» WHAT TO DO
What you return should match the material below line for line, except that no image appears in it.
GIVEN DATA below:
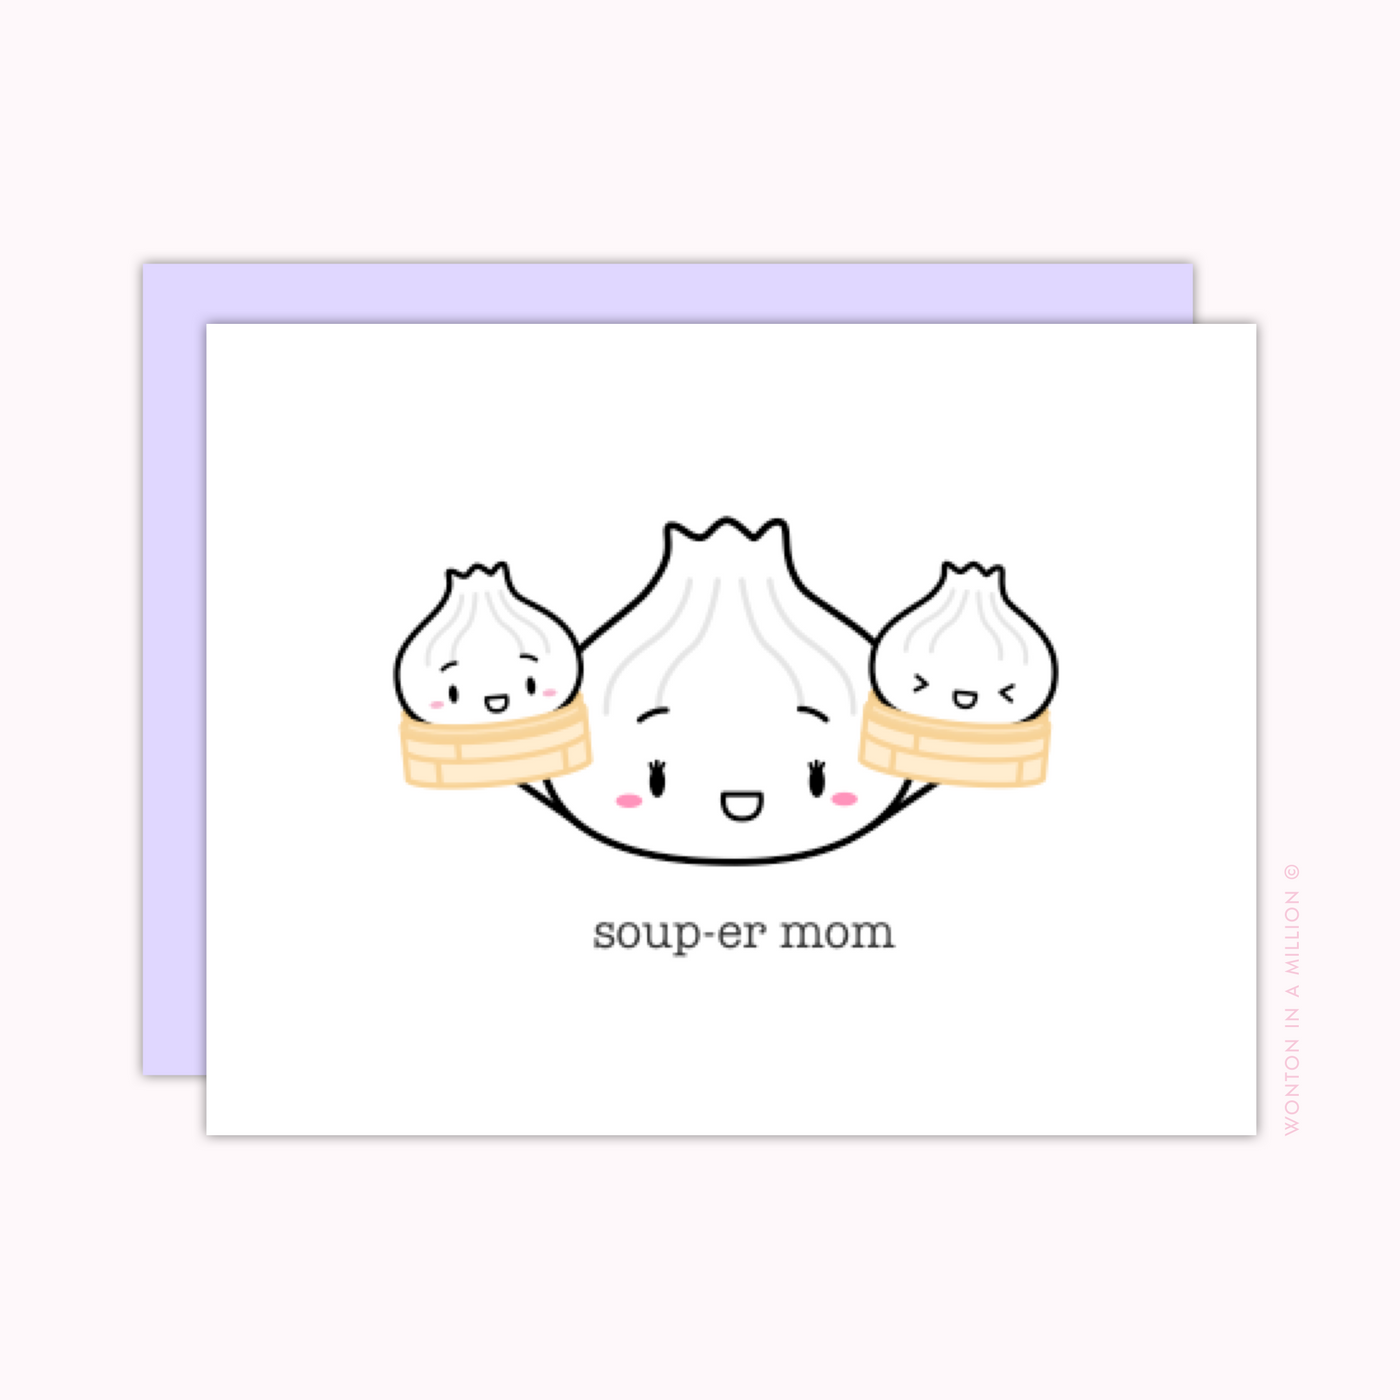 "Soup-er Mom" Duo Greeting Card (A2)
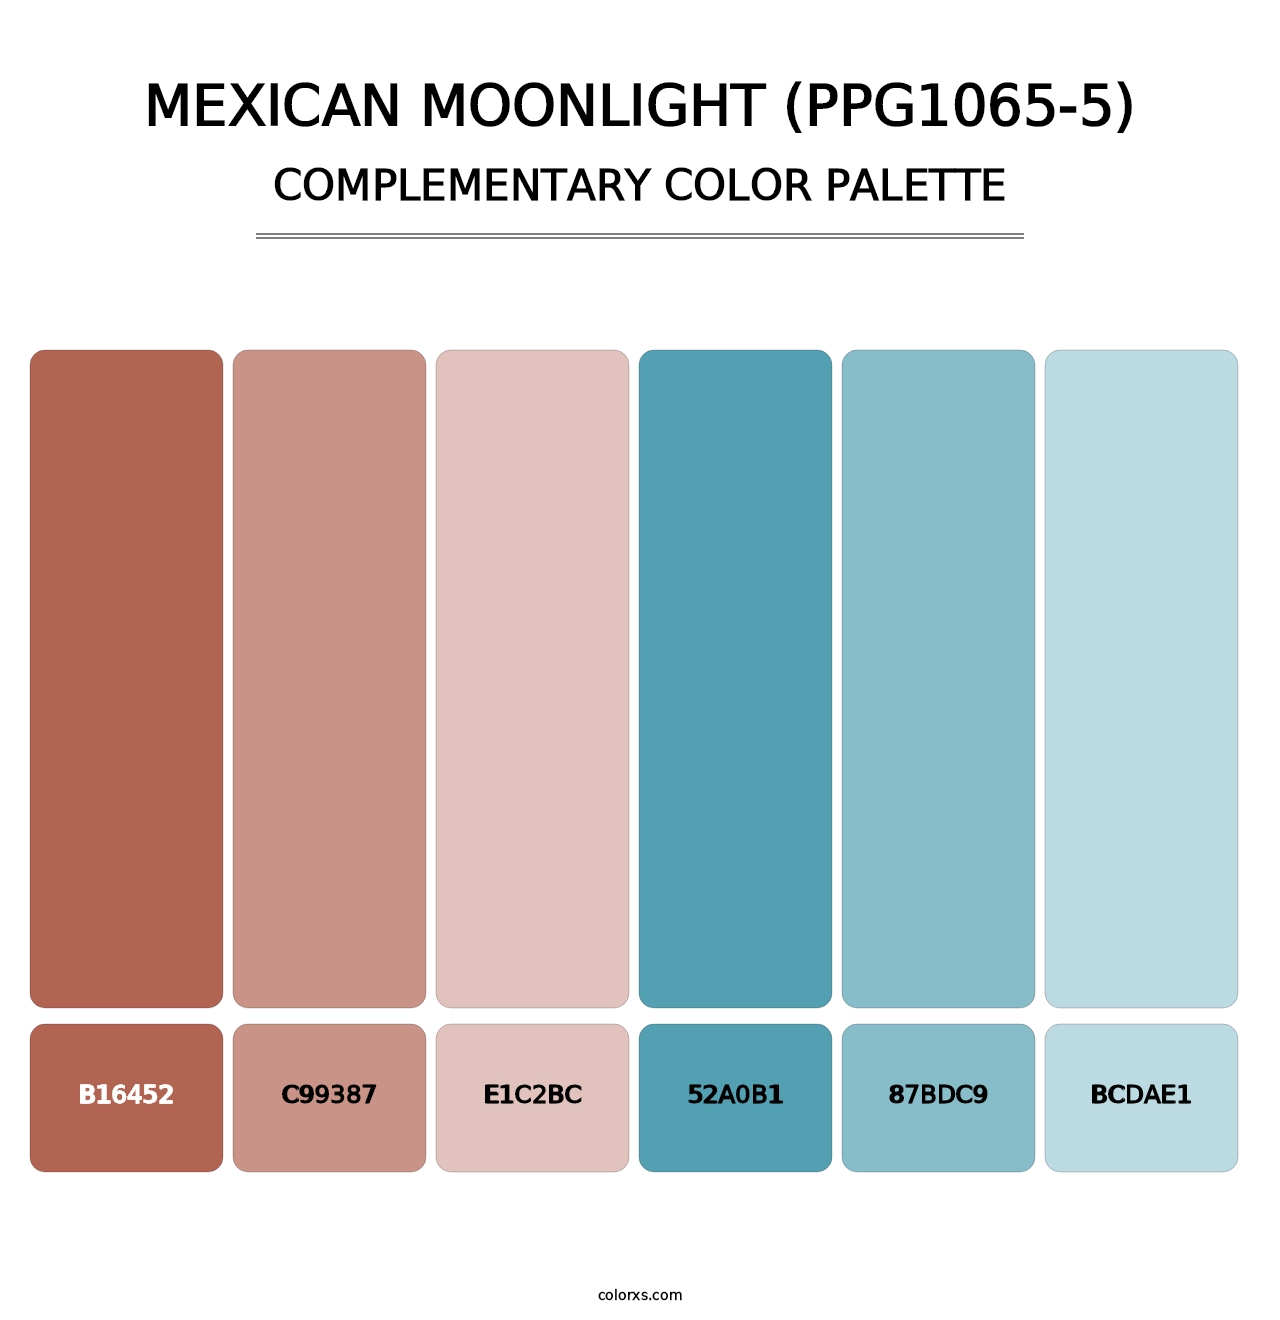 Mexican Moonlight (PPG1065-5) - Complementary Color Palette
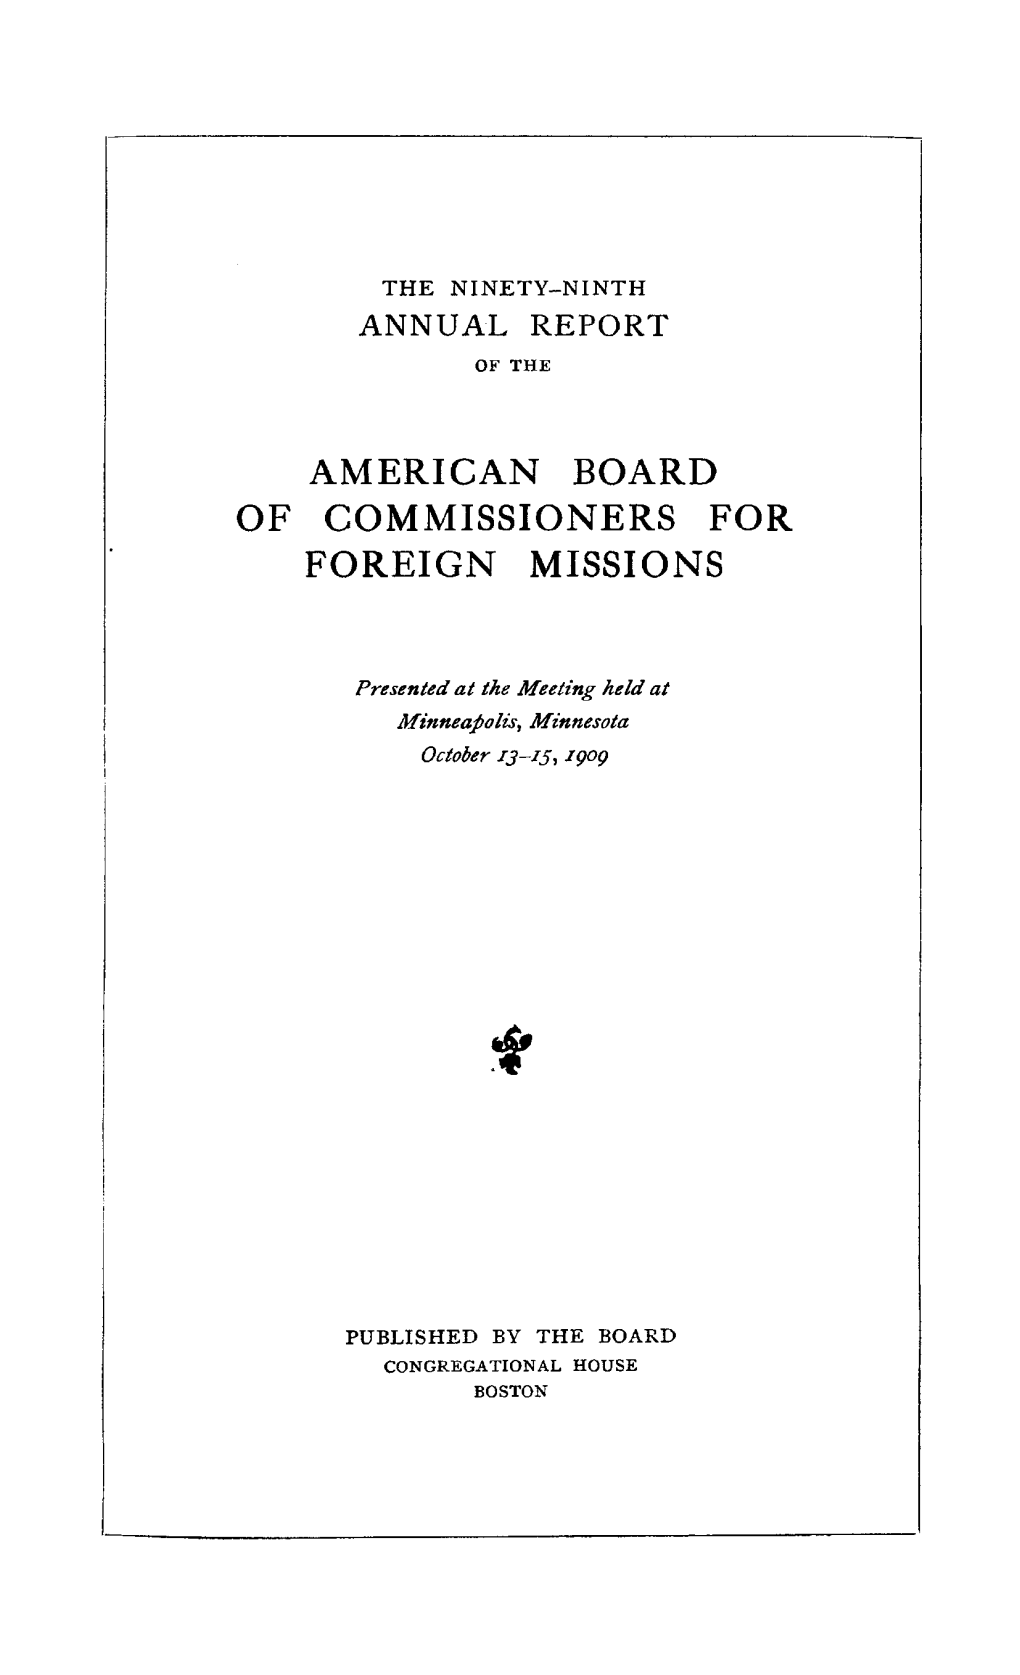 American Board of Commissioners for Foreign Missions $
End of GIVEN DATA.
» RESPONSE BOX
 "Soup-er Mom" Duo Greeting Card (A2)
 Mexican Moonlight (PPG1065-5) - Complementary Color Palette
 American Board of Commissioners for Foreign Missions $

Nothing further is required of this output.